Amanda Raad: When people take the time to participate in surveys, focus groups, interviews, and everything else, it does take a certain level of engagement, energy, time, and all of those things. You talk about the importance of transparency too. One of the things that I hear from a lot of people is this question about what kind of feedback are you able to give to people for their participation? What do they get back? What kind of transparency do they get back to understand what are the results of what you’re seeing, and how do those back up the recommendations and the plans or the changes that are going to happen? Can you just talk a little bit about how you think about that? What level of information you can share from the survey results or from the work that you’re doing, and what you see works or doesn’t work in that regard?
Guillem Casoliva Cabana: Obviously, there is some fatigue about surveys in the workforce, so we need both to justify why we are doing the survey, but also what this survey gives back to you, to the company. What we normally do with the ethical culture survey, we have to think first that it’s a more sensitive survey, I would say, the engagement survey, so we do an overall overview of the results. For example, how well-perceived is the compliance and ethics program by components?

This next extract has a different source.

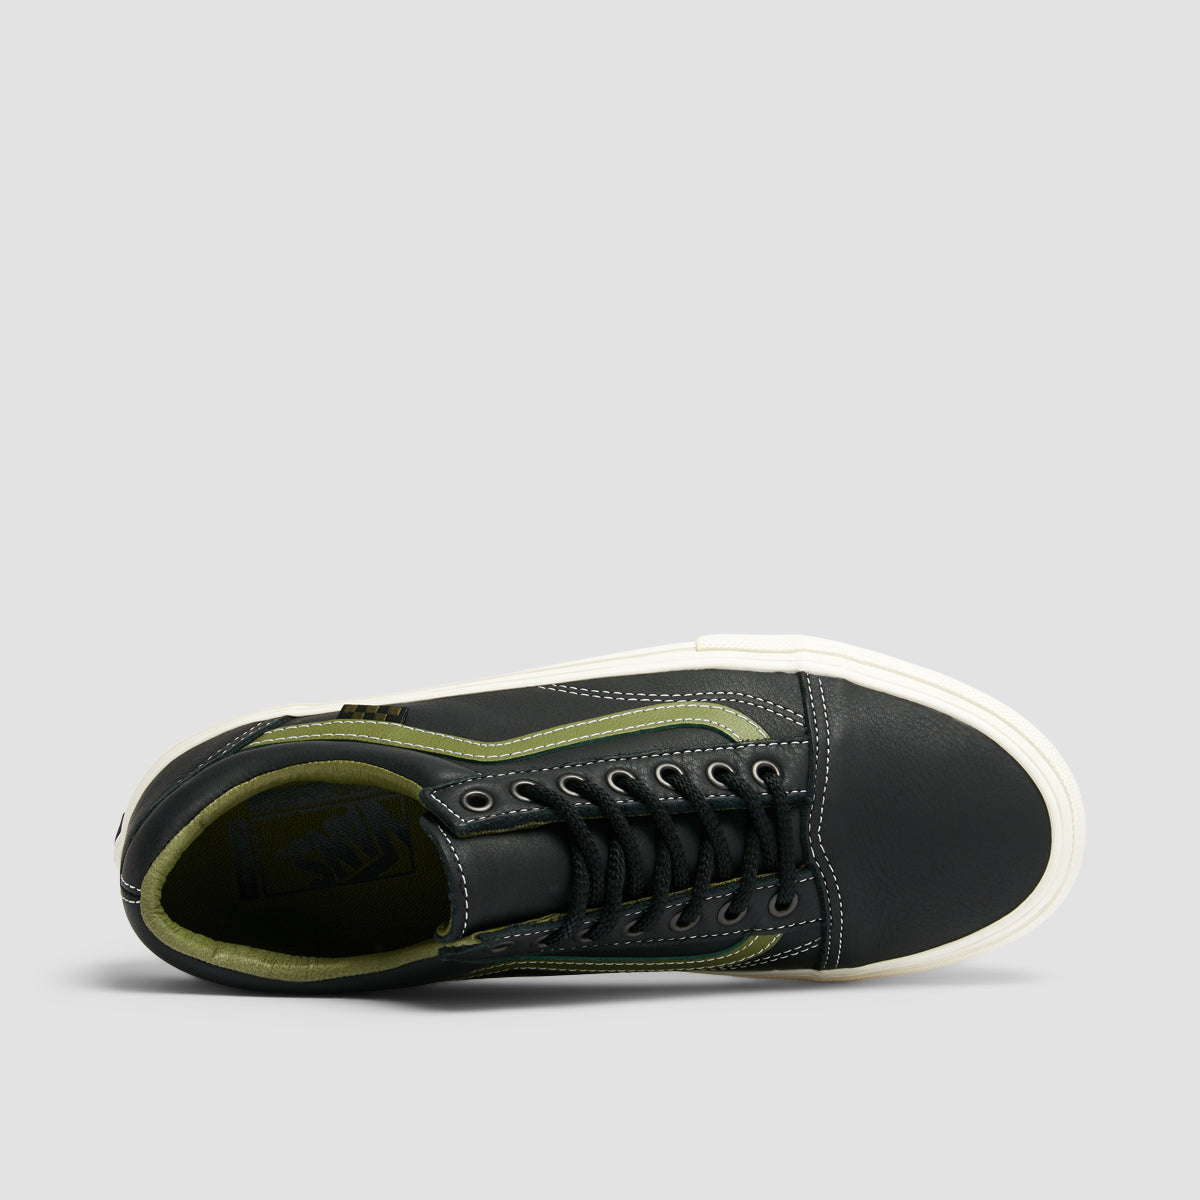 Vans Skate Old Skool Shoes - Butter Leather Black/Green

How well-perceived is the ethical culture and dimensions, and the rate of unethical behavior observed? And then, we also explain year on year how we are doing, and a bit also to give context with external benchmarks if they are available. It’s the snapshot of the overall company. Then, we always disclose at least three actions that we are going to take. Normally, there are ways in which the survey informs our compliance and ethics program—that’s for all employees. What we do then with all this more granular data at team level or office level is to have the compliance and ethics team work with the management teams to explain how we are assessing this information and being a partner in understanding that. So, I would say, there are two levels of communication. One, very important, that is to inform the people who spend time filling out your survey. It has to be a minimum of the general results, trying to put that in context with benchmarks year on year, and explain a few things that you will do based on that result. And then, for the granular data, I would say, it could be by department or by region—you could do reports if you really want the support of different leaders in these action plans.
Nitish Upadhyaya: I’m so glad, Guillem, that you picked up on so much of those areas from Amanda’s question around what feedback do you give and how do you make this something that people want to help out with and be part of the community and the culture within the organization, to the points you raised previously around triangulating data using both qual and quant, getting qualitative narrative feedback about why things are happening in order to really get to grips with the context that you’re seeing in surveys. Again, we’ve talked about the fact that surveys are one tool, and they are sometimes a simplistic tool in doing that.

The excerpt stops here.